» **DATASET EXTRACT**
————————

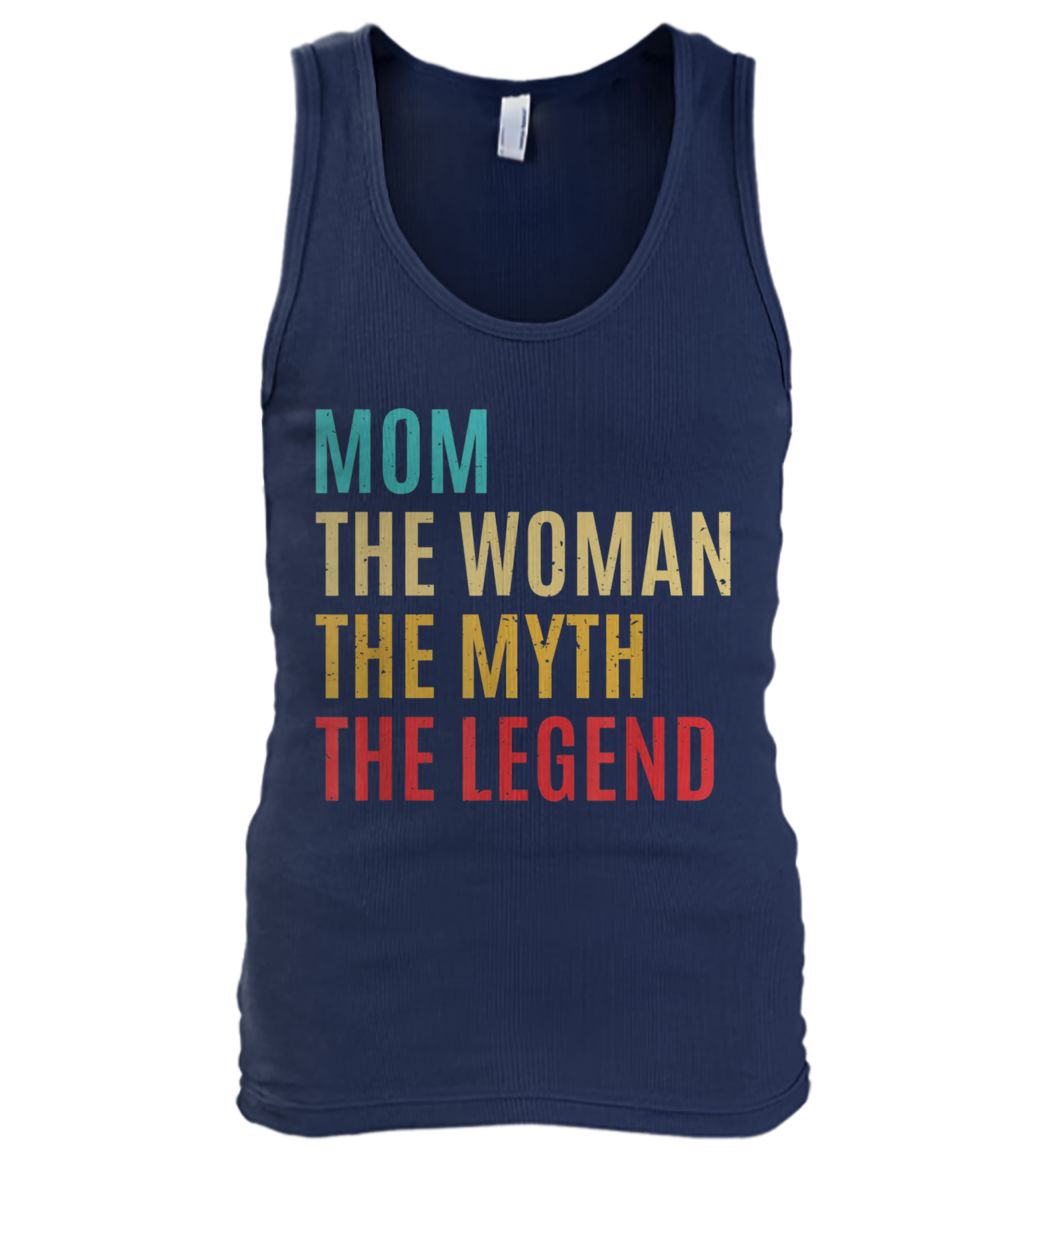 Vintage mom the woman the myth the legend mothers day men's tank top
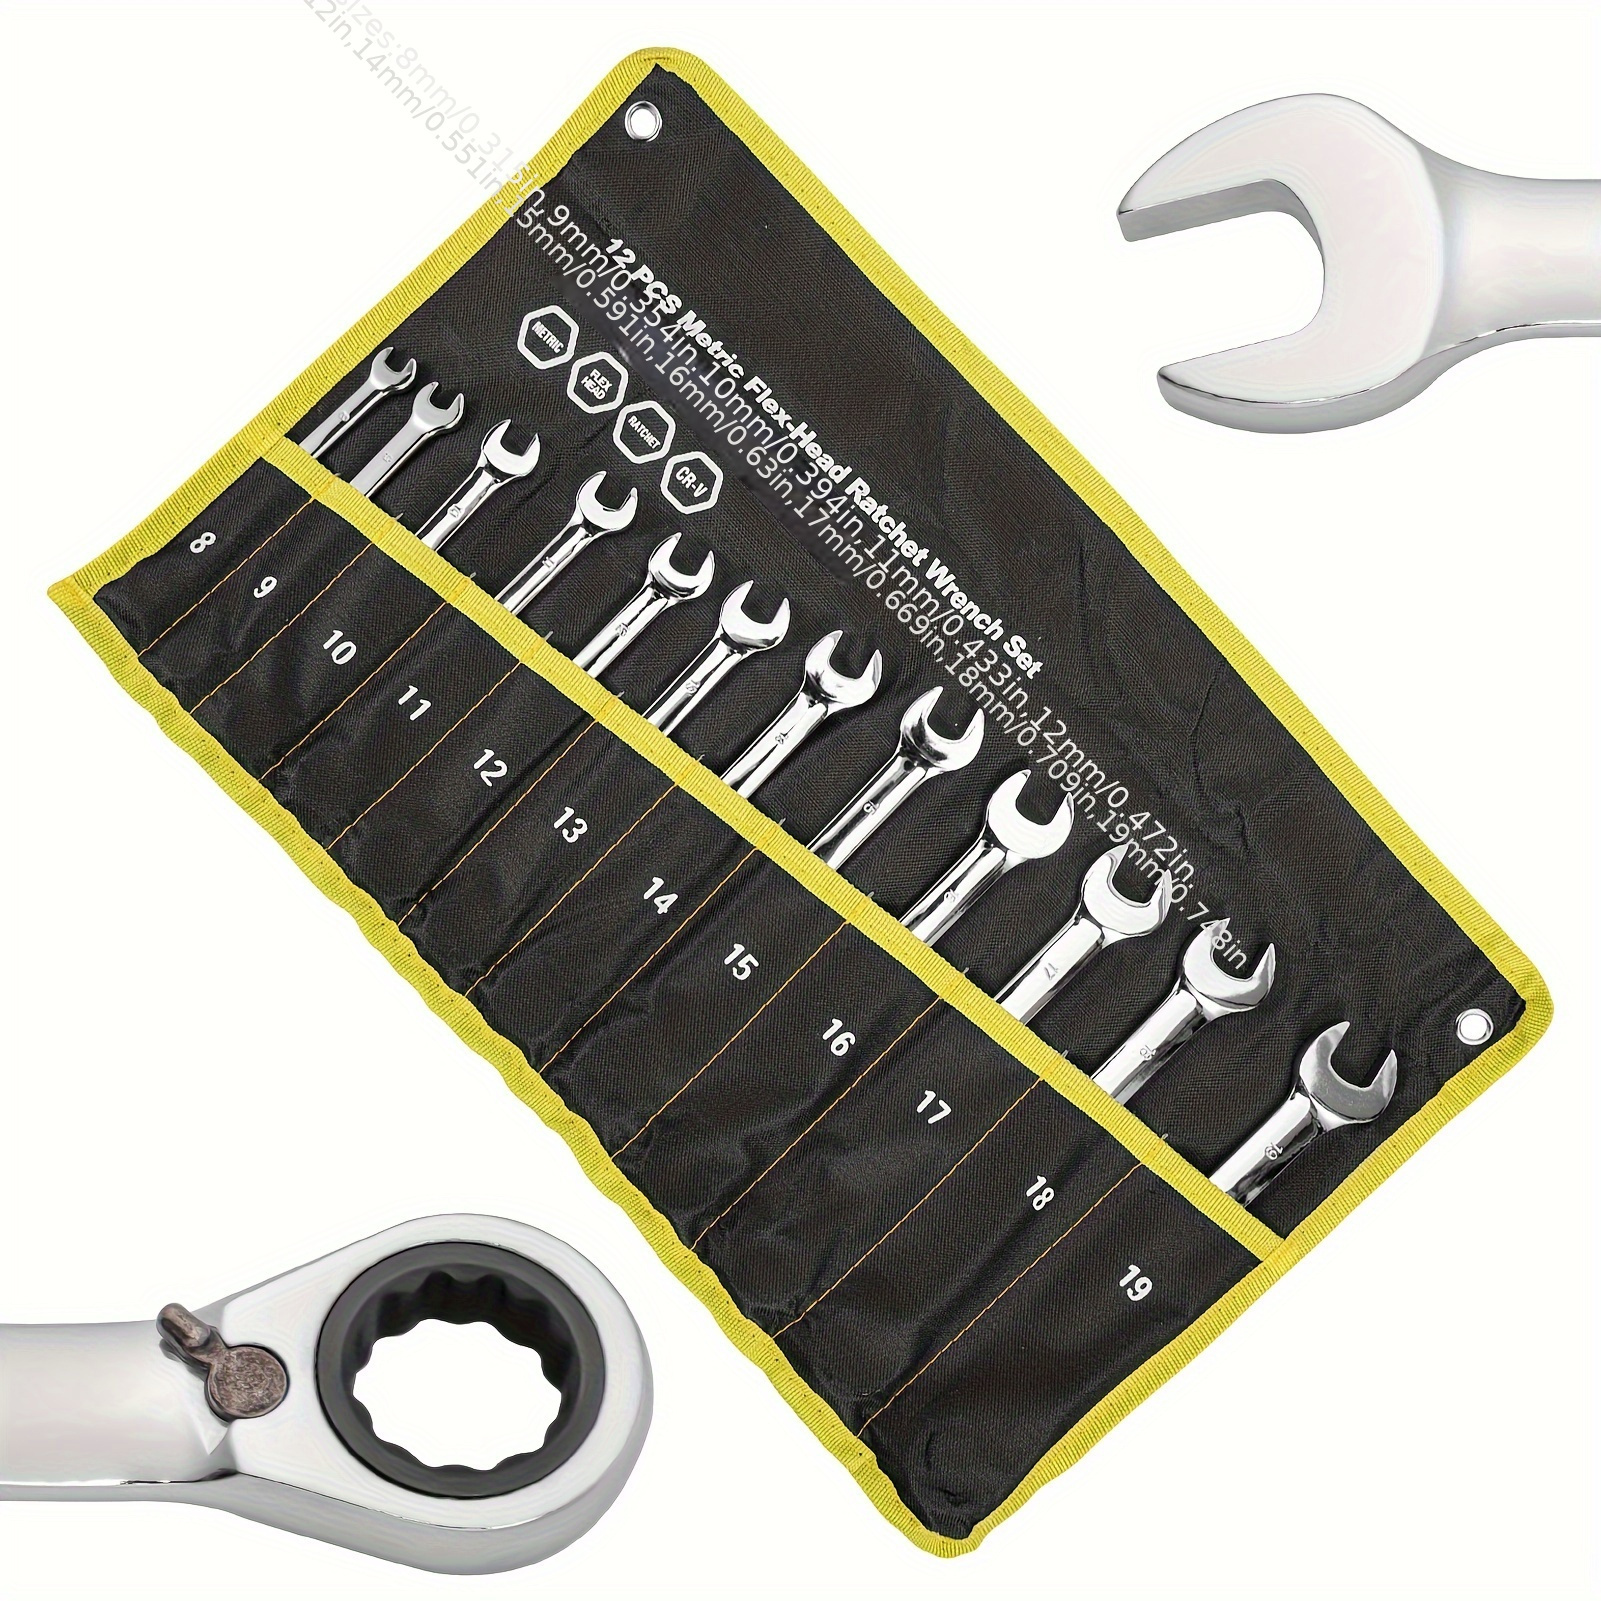 

12-piece Wrench Set, Reversible Ratcheting Combination Set, Metric 8mm-19mm, 72 Teeth, Cr-v Steel Ratchet Wrenches Set With Storage Bag For Motorcycle/ Car/ Mechanical Etc.
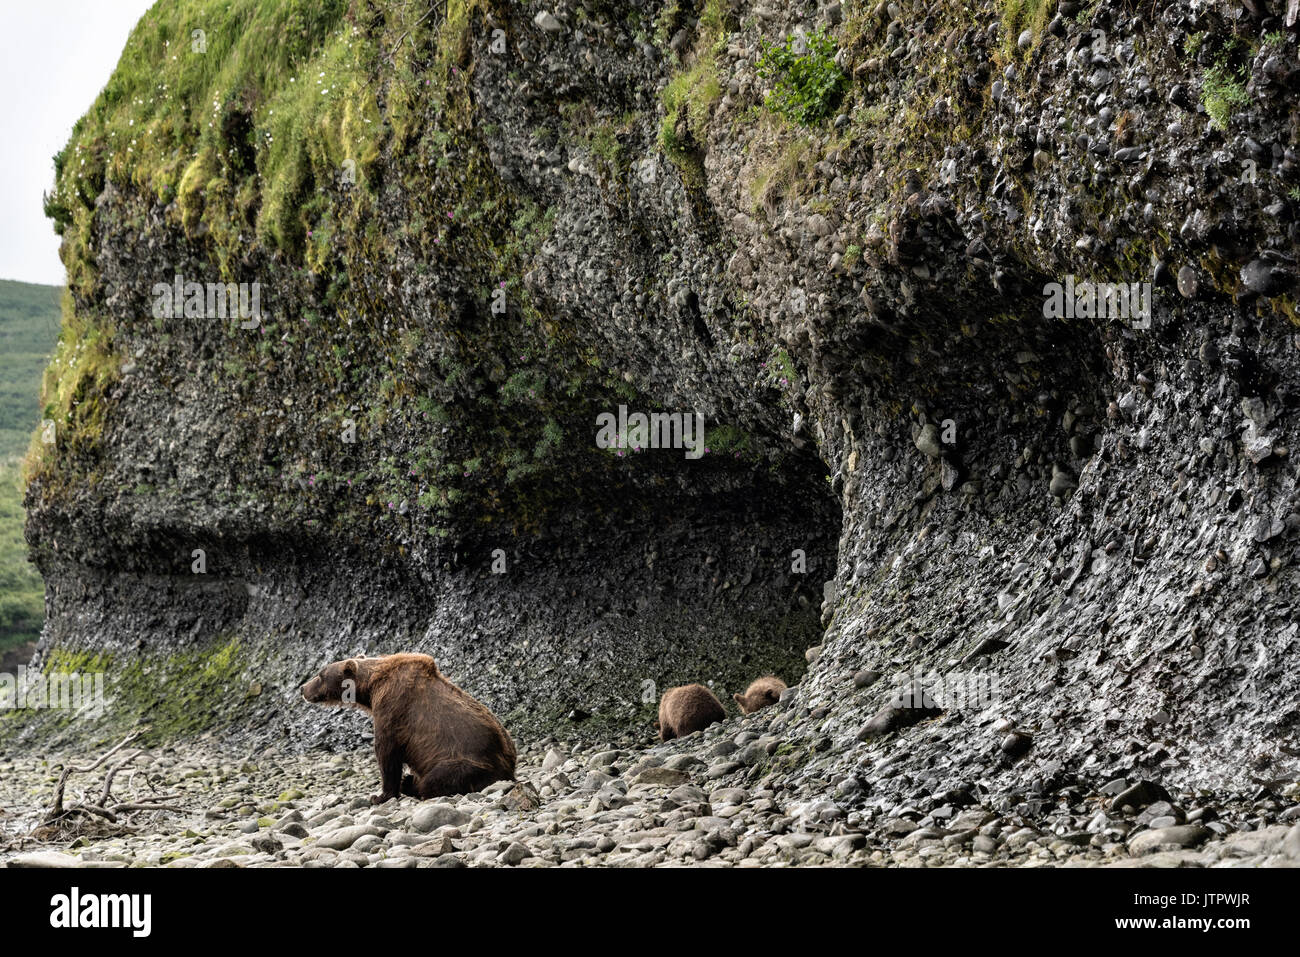 A brown bear sow known as Bearded Lady protects her spring cubs at the entrance to a small cave at the McNeil River State Game Sanctuary on the Kenai Peninsula, Alaska. The remote site is accessed only with a special permit and is the world’s largest seasonal population of brown bears in their natural environment. Stock Photo

————————

» **PROBLEM TO WORK ON**
The whole listing above is to be printed again exactly; pictures stay out of it.

» **COMPLETED EXERCISE**
 Vintage mom the woman the myth the legend mothers day men's tank top

12-piece Wrench Set, Reversible Ratcheting Combination Set, Metric 8mm-19mm, 72 Teeth, Cr-v Steel Ratchet Wrenches Set With Storage Bag For Motorcycle/ Car/ Mechanical Etc.
 A brown bear sow known as Bearded Lady protects her spring cubs at the entrance to a small cave at the McNeil River State Game Sanctuary on the Kenai Peninsula, Alaska. The remote site is accessed only with a special permit and is the world’s largest seasonal population of brown bears in their natural environment. Stock Photo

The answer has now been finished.